Topic Hierarchy Design
A well-structured topic namespace is the single most important architectural decision in any MQTT system. Poor hierarchy leads to security vulnerabilities, unmanageable ACLs, and routing inefficiencies. We recommend a hierarchical pattern that mirrors your physical or organisational topology:
org/site/zone/device-type/device-id/data-typeFor example, a temperature sensor on the third floor of a factory in Malta would publish to:
aletheiatech/malta-factory/floor-03/temperature-sensor/ts-4427/temperatureThis hierarchy delivers several benefits. First, it enables granular ACL enforcement at every level of the tree. Second, it allows subscribers to use wildcards at the appropriate granularity. Third, it naturally partitions data for storage and analytics. Every level should be deliberate: org separates multi-tenant deployments, site enables geographic routing, zone allows facility-level filtering, device-type enables fleet-wide commands, and device-id provides unique identification. The data-type leaf distinguishes telemetry from commands, configuration, or diagnostics.
Wildcard Usage
MQTT defines two wildcard characters that subscribers use to match multiple topics. Understanding when to use each is essential for both performance and security.

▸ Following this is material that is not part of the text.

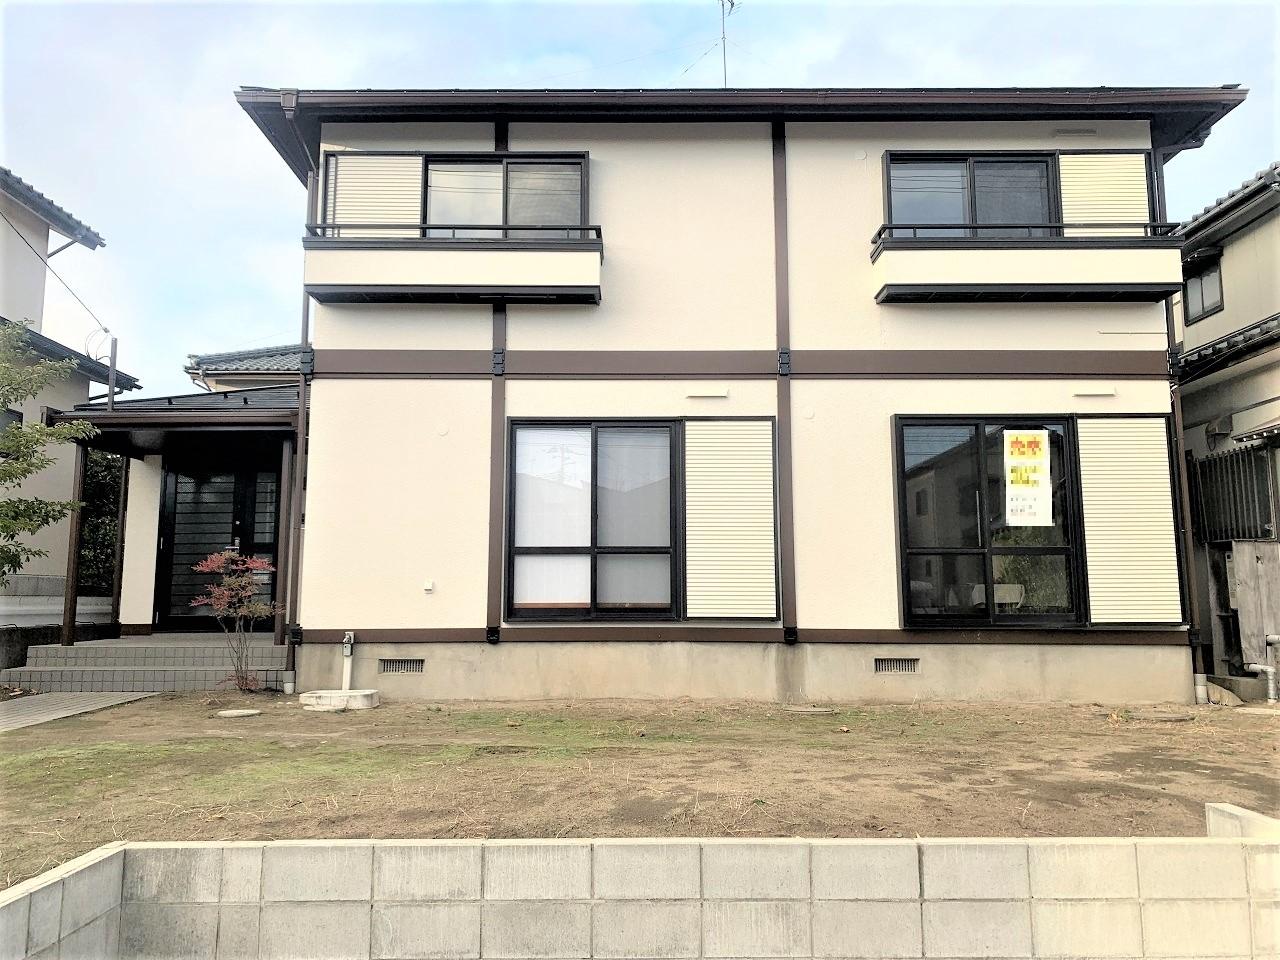 新潟市東区有楽の中古住宅の写真

Single-level wildcard (+): Matches exactly one topic level. A dashboard that displays all temperature readings across a site would subscribe to aletheiatech/malta-factory/+/temperature-sensor/+/temperature. The + wildcard is safe, explicit, and should be your default choice wherever possible because it constrains the subscription to a known depth.

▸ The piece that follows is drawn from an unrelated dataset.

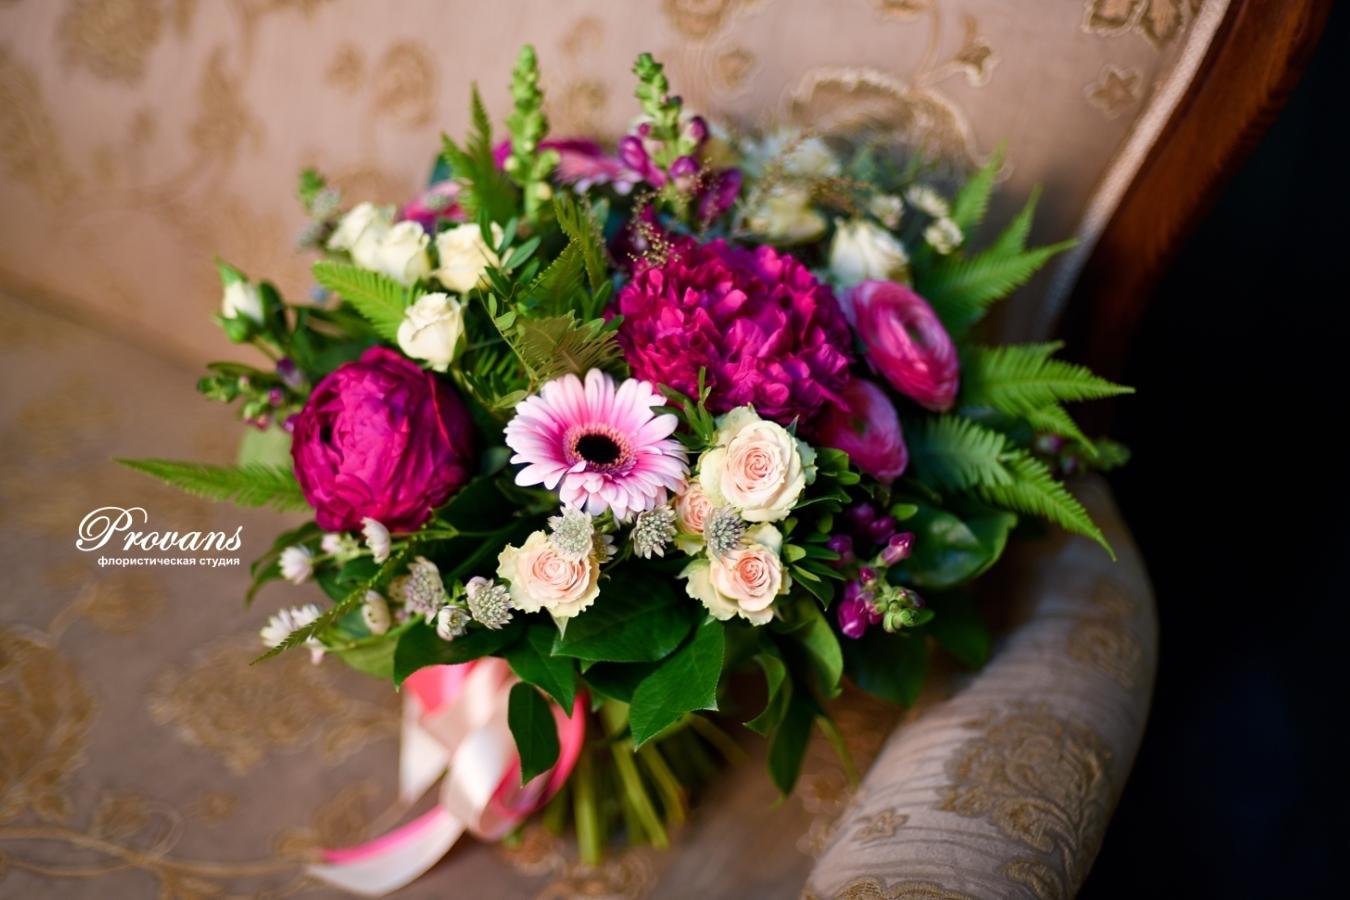 Букет на день рождения. Розы, пионы, герберы, лютики, матиола

Multi-level wildcard (#): Matches the remainder of the topic tree. A logging service that archives all messages from a site would subscribe to aletheiatech/malta-factory/#. The # wildcard is powerful but dangerous. It can only appear as the last character in a subscription filter and it bypasses topic-level structure entirely. Overuse of # subscriptions on busy brokers creates routing bottlenecks and can accidentally expose topics that should have remained private.
Our rule of thumb: prefer + wildcards with explicit level counts, restrict # subscriptions to administrative and logging services, and enforce these constraints through topic-level ACLs on the broker.
Production Rule
Never allow untrusted devices to subscribe with #. A compromised sensor subscribing to # could siphon every message on the broker. Use ACLs to restrict wildcard subscriptions to specific authorised clients.
Quality of Service Levels
MQTT defines three QoS levels, and choosing the right one for each message type directly impacts system reliability and throughput. The tendency of newcomers is to default to QoS 2 for everything, assuming more reliability is always better. In practice, this is a mistake.
QoS 0 (At most once): The message is delivered with no acknowledgement or retry. Use this for high-frequency telemetry where occasional drops are acceptable — temperature readings, power consumption, GPS coordinates. QoS 0 offers the lowest latency and highest throughput. For a broker publishing 100,000 messages per second, QoS 0 is the only realistic choice.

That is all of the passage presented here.